News-Redaktion / 10.01.2019 / 18:00 / 20 / Seite ausdrucken

Wen sich westliche Gastfamilien als Au Pair wünschen

Viele Angehörige des gut betuchten Bürgertums treten für eine bunte und multireligiöse Gesellschaft ein. Das schlägt sich erstaunlicherweise nicht nieder, wenn es darum geht eine Betreuung für die eigenen Kinder auszuwählen. Als Au-Pair Nanny für die eigenen Kinder bevorzugt man laut Statistk eine weiße Frau aus einem christlichen Land.

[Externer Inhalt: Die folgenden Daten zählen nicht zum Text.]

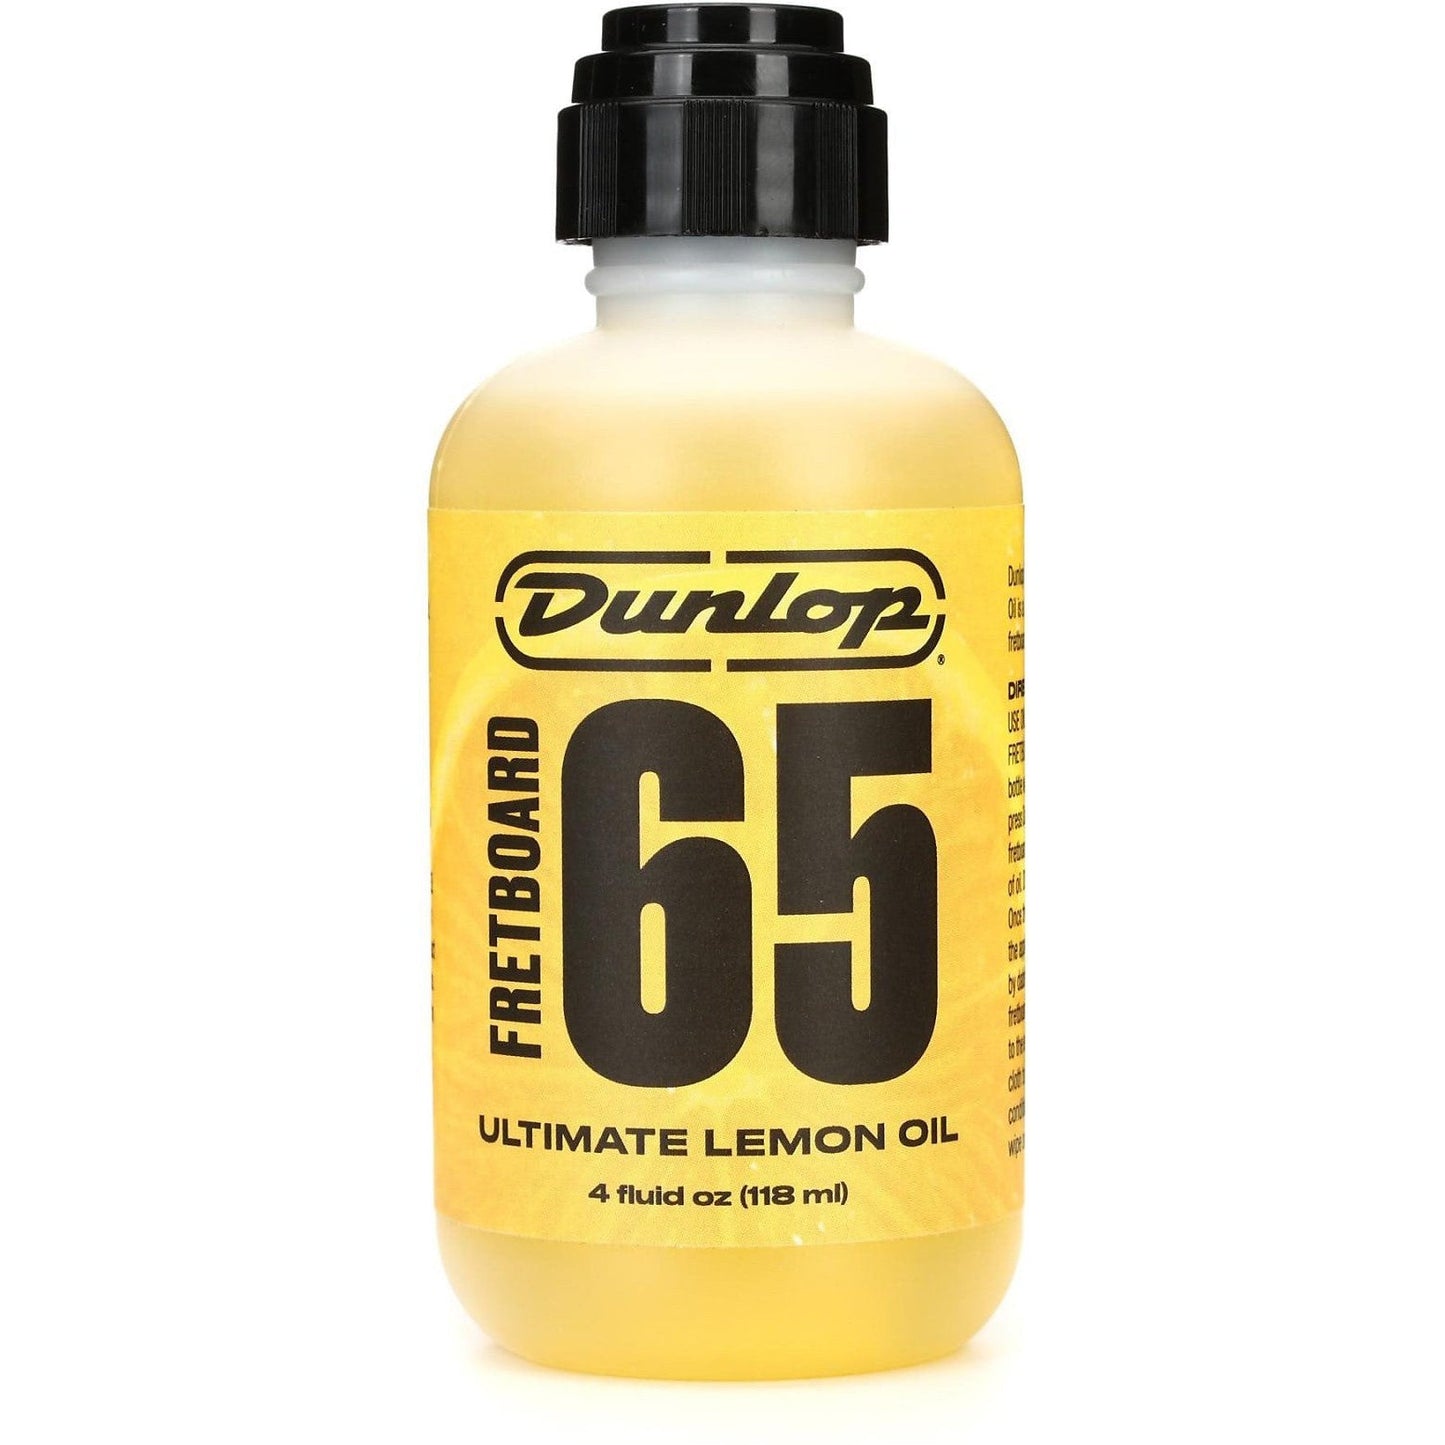 Dunlop Ultimate Lemon Oil (118ml)
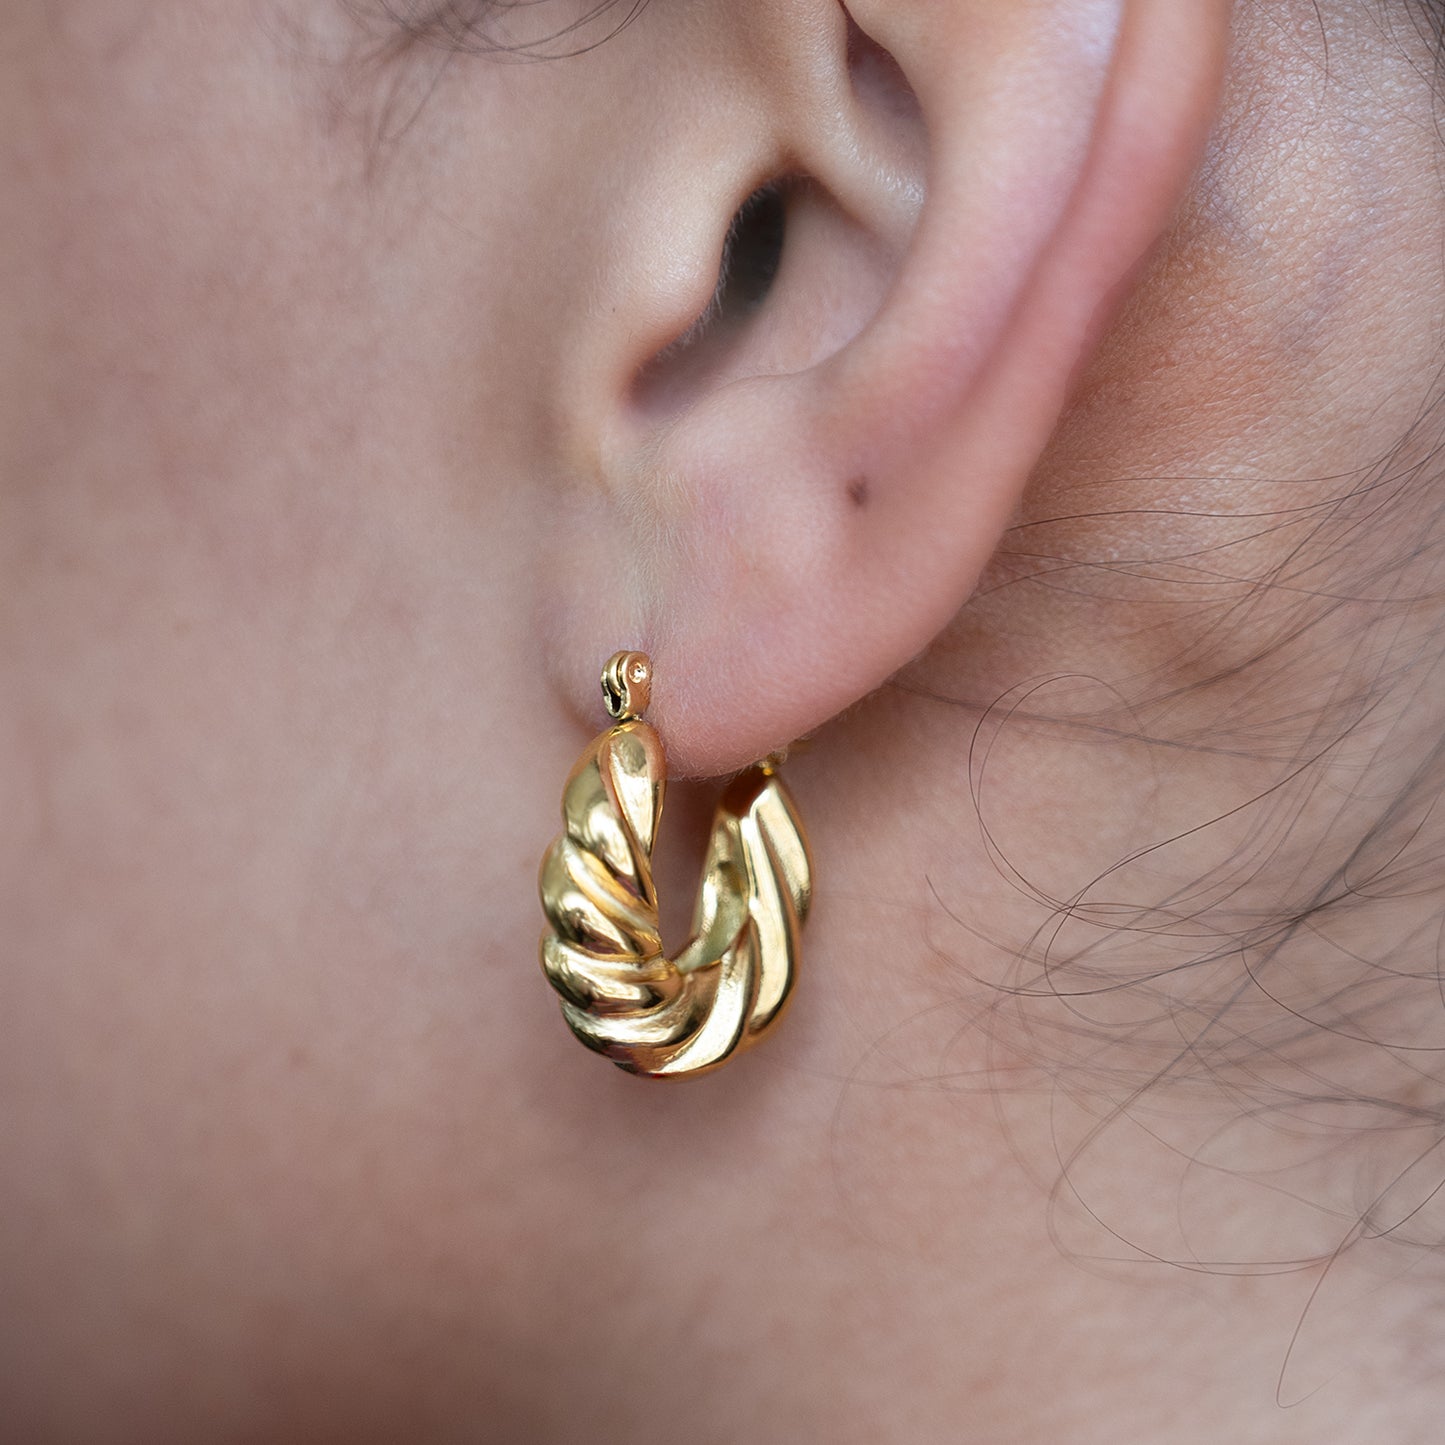 Twisted Croissant Hoop Earrings shown worn in a model's ear

Das zeigt eine Aufstellung auf der Webseite der Vermittlungsagentur MultiKultur.

Bei den Nationalitäten, die sich westliche Gastfamilien für ihr Au-Pair-Mädchen wünschen, sind die englischsprachigen Länder England und USA an der Spitze. Weitere beliebte Länder sind Spanien, Frankreich, Italien, Schweden und Dänemark. Unter den Top-10 erwünschtesten Herkunftsländern gibt es kein einziges, das nicht westlich und mehrheitlich weiß ist. Die Daten stammen laut MultiKultur von der internationalen Online-Matching-Agentur Aupair.com.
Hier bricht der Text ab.